Configure OpenSSH server
------------------------
Connect to the server.example.net server to correctly configure the OpenSSH server with the CA created previously.
First of all add the CA chain, private and public certificates:
- Create file `/etc/ssh/ca.pub` and copy the "CHAIN" content of the *server certificate* (everything in one line).
- Create file `/etc/ssh/ssh_host_key` and copy "PRIVATE KEY" content.
- Create file `/etc/ssh/ssh_host_key.pub` and copy "PUBLIC CERTIFICATE" content (everything in one line).
Set the appropriate right:
.. code-block:: bash
chmod 600 /etc/ssh/ca.pub /etc/ssh/ssh_host_key
chmod 644 /etc/ssh/ssh_host_key.pub
chown root: /etc/ssh/ca.pub /etc/ssh/ssh_host_key /etc/ssh/ssh_host_key.pub
Then change OpenSSH server configuration to use these files. Edit `/etc/ssh/sshd_config` and add::
TrustedUserCAKeys /etc/ssh/ca.pub
HostKey /etc/ssh/ssh_host_key
HostCertificate /etc/ssh/ssh_host_key.pub
You can remove all other `HostKey` lines.
Finally restart OpenSSH.
Configure the OpenSSH client
----------------------------
Now you can configure the user's computer.
First of all add private and public certificates:
- Create file `~/.ssh/key` and copy "PRIVATE KEY" content.
- Create file `~/.ssh/key.pub` and copy "PUBLIC CERTIFICATE" content of the *client certicate* (everything in one line).

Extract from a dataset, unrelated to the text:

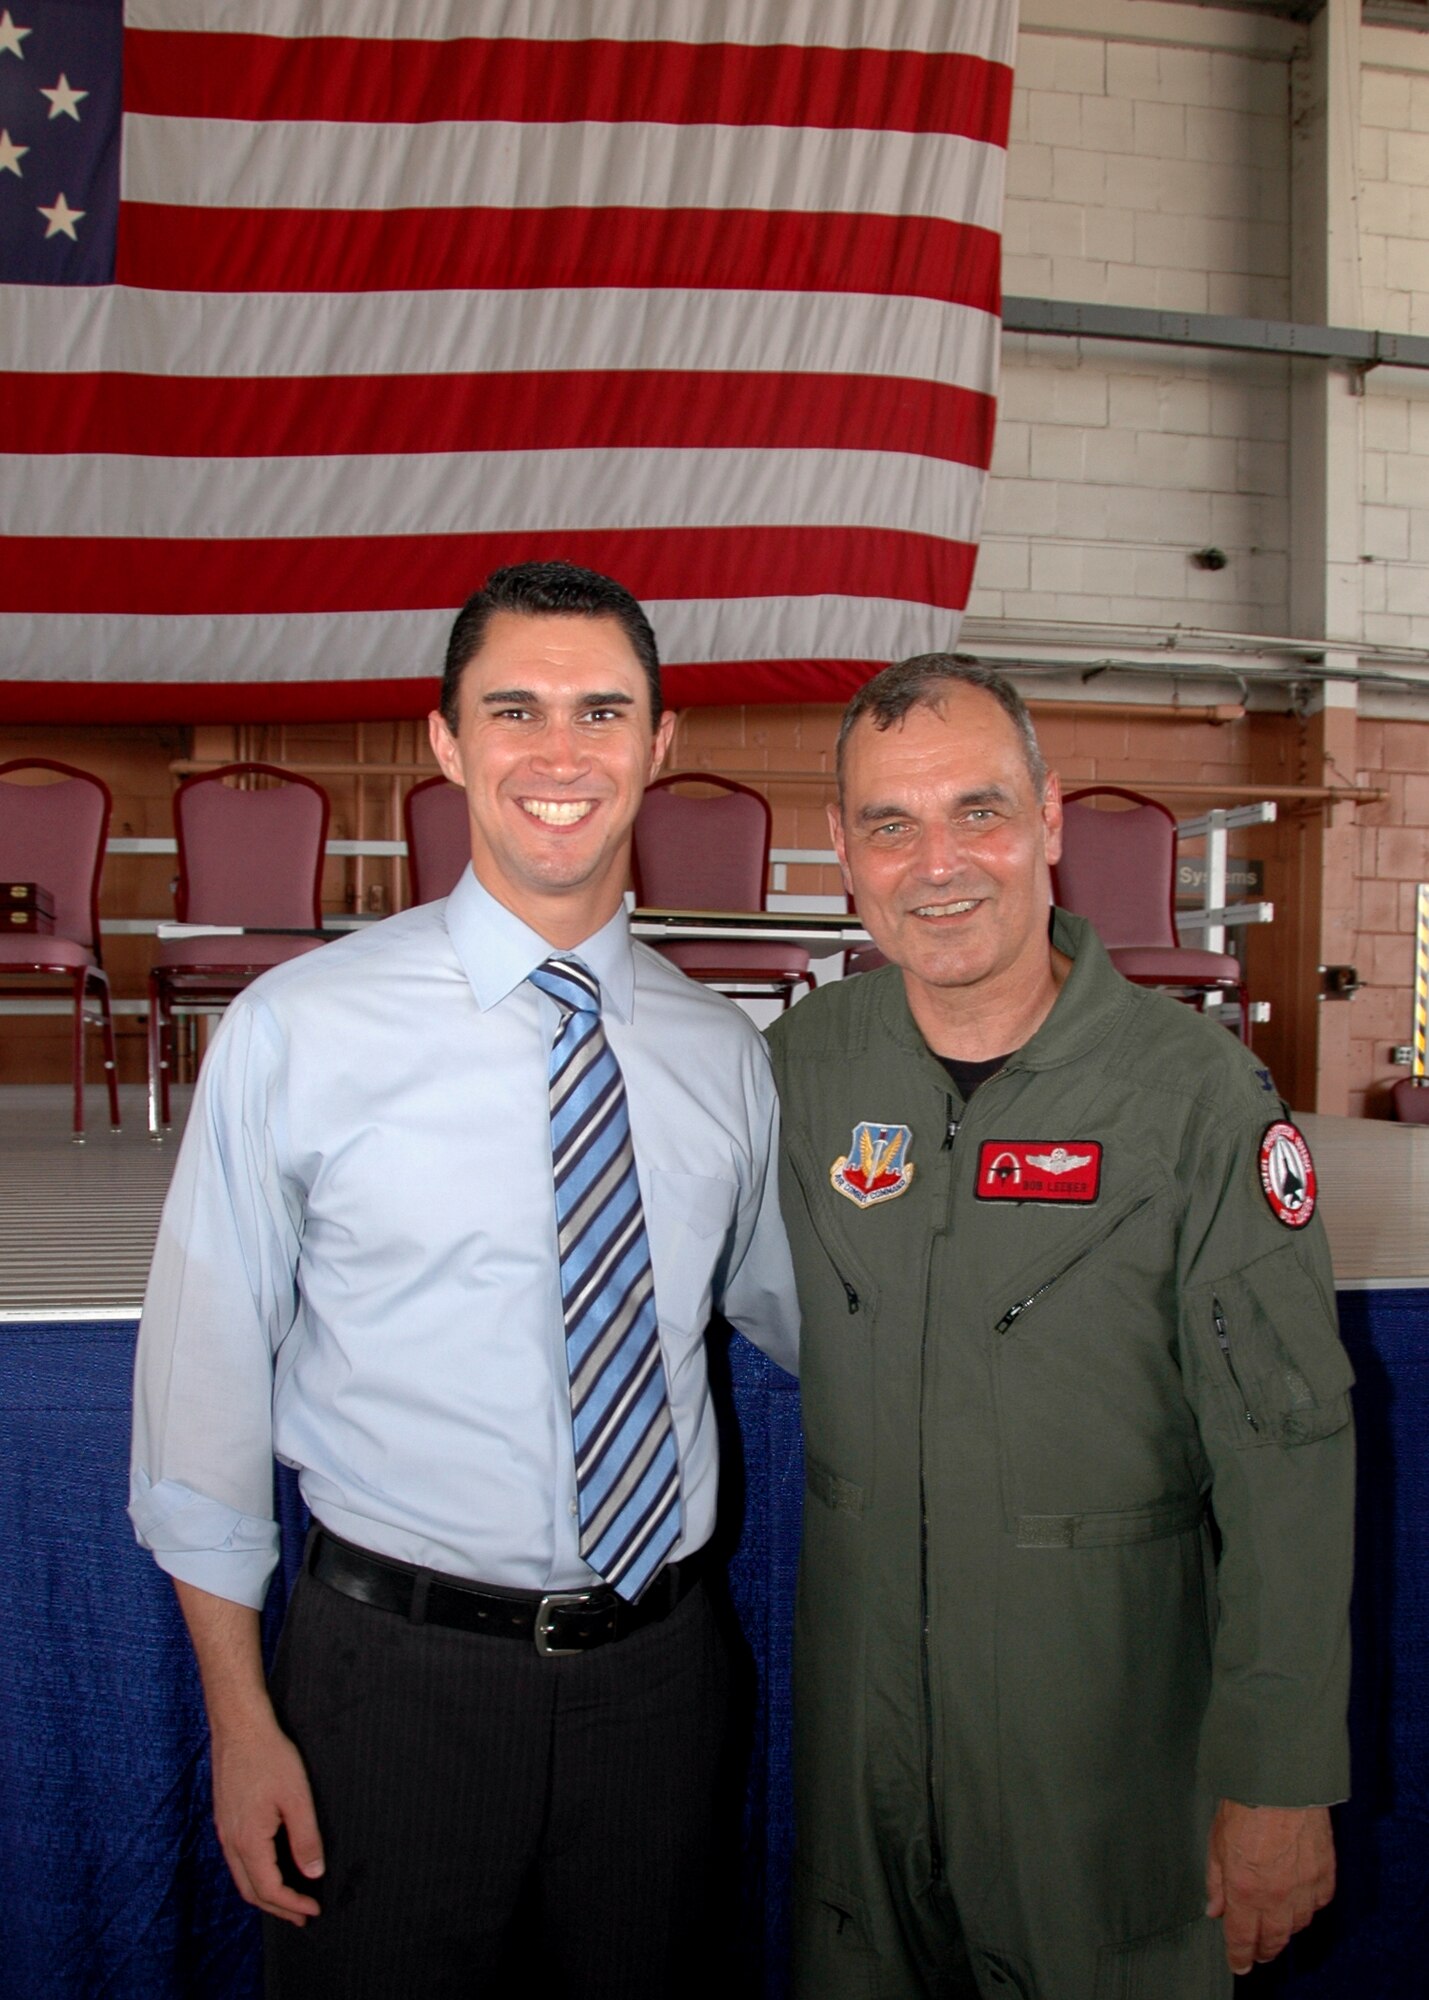 Mr. Michael Dubois and Col Robert Leeker take time out for a photograph during the end of era ceremony at the 131st Fighter Wing June 13, 2009. Mr. Dubois is the leglestative asistant to the U.S. Senator of Missouri Christopher Bond.

Set the appropriate right:
.. code-block:: bash
chmod 600 ~/.ssh/key.pub ~/.ssh/key
To avoid TOFU, edite the `~/.ssh/known_hosts` file and add a new line (all in one line):
- @cert-authority \*example.net
- the "CHAIN" content
Now you can connect to server with (here 'lemur' is the principal name and must exists on the server):
.. code-block:: bash
ssh lemur@server.example.net -i ~/.ssh/key
With this configuration you don't have any line like::
Warning: Permanently added 'server.example.net,192.168.0.1' (RSA) to the list of known hosts.
And you don't have to enter any password.